Кэссиди озвучил мою мысль:
— Если только он и этот здоровый бык не отыщут нас первыми. Давайте убираться отсюда.
Бруно уперся ногами в пол, слегка наклонился вперед и поднялся. Несколько секунд он стоял, закрыв глаза и, несомненно, ощущая боль в затекших ногах.
— Еще несколько минут. — Бруно взглянул на часы. — Почти одиннадцать, — промолвил он, потом снова посмотрел на меня. — Итак, это не Дру, а вы пришли к выводу, что если прочитать цифры комбинации сейфа в моей записке в обратном порядке, то получится адрес дома, где меня держат?
— Да. Возможно, когда мы расстались, ей пришло в голову то же самое.
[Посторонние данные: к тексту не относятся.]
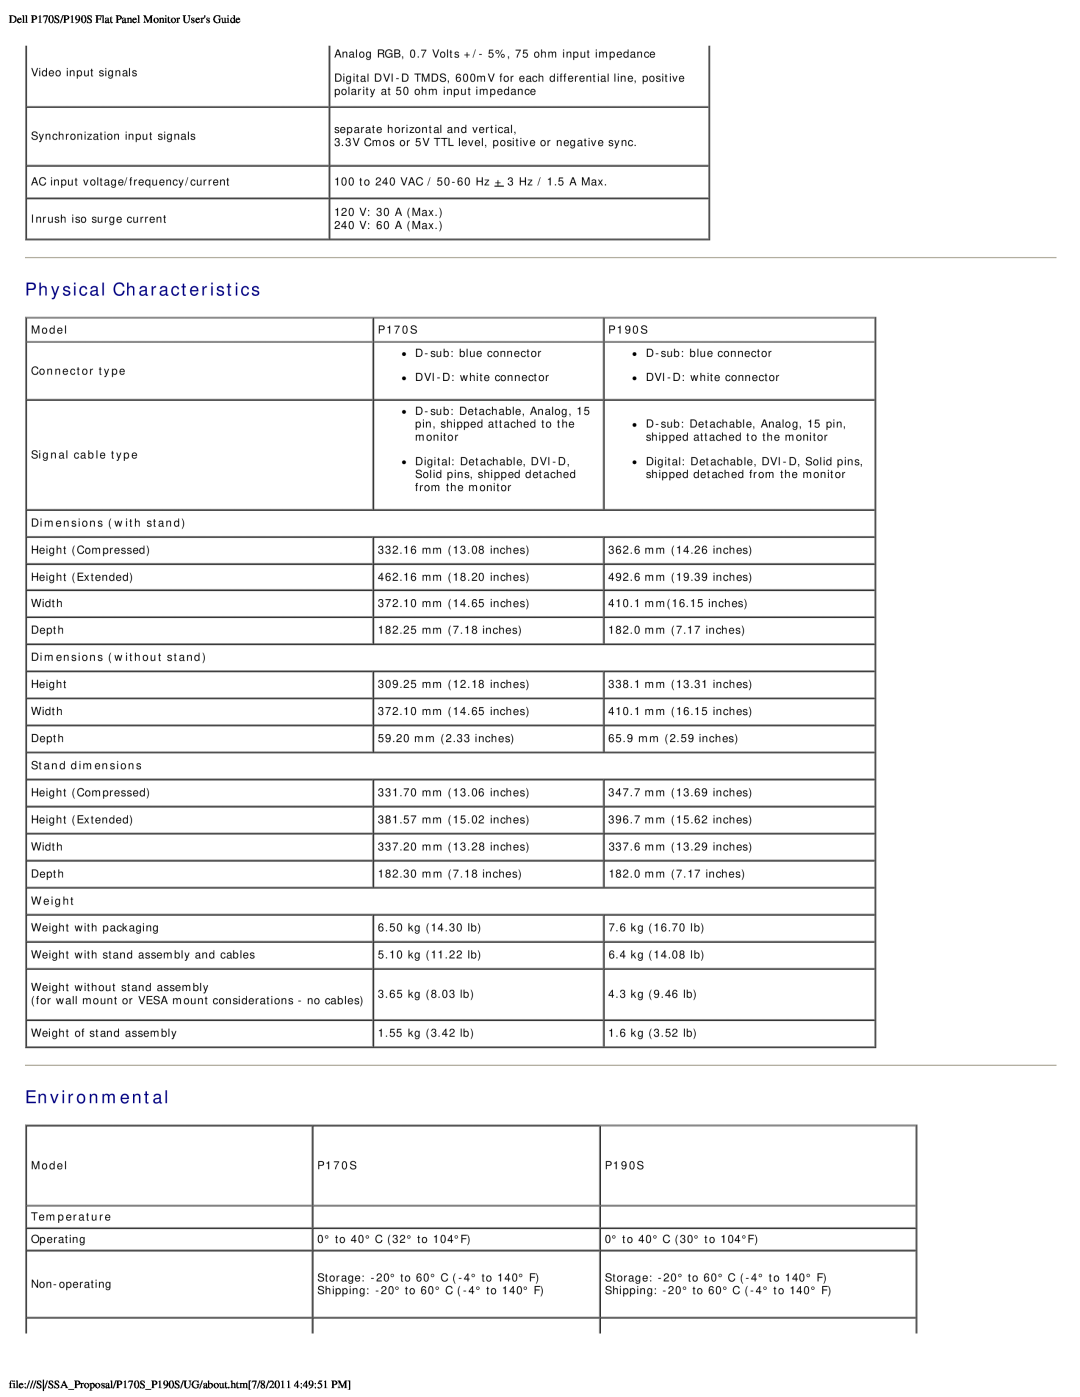 Dell P170s, P190S appendix Physical Characteristics, Environmental

Она очень беспокоилась за вас... А как вы догадались, что это была моя идея?
— Это не совсем догадка — вроде вашего вывода насчет левши. Если бы такая мысль пришла в голову Дру, она бы тут же вам о ней сообщила и вы бы оказались здесь гораздо раньше.
Я кивнул:
— Когда у меня получился адрес на Пятьдесят восьмой улице, это хорошо сочеталось с указанием в письме, что конверт нужно доставить в дом на Пятьдесят седьмой улице здесь, в Уайлтоне, — всего в квартале отсюда. Между прочим, то, что подсказало мне идею прочитать цифры наоборот, явилось причиной моей задержки. Сначала я отправился в церковь Второго пришествия...
Бруно поморщился, как будто снова ощутил острую боль в ногах, а может, и повыше.
— Там было то, что они называют хоралом, и «самый святой пастор»... все это меня вдохновило... Да, доктор Бруно, я как раз вспомнил, что этим вечером Фестус Лемминг провозгласил вас никем иным, как ан... — Я чувствовал себя не в состоянии это произнести и переменил тему:
— Как ваши ноги? Думаю, вы сможете...
— Церковь? Почти одиннадцать? — вмешался Кэссиди. — Надо спешить. Мы должны...
— Так кем провозгласил меня пастор Лемминг? — осведомился Бруно.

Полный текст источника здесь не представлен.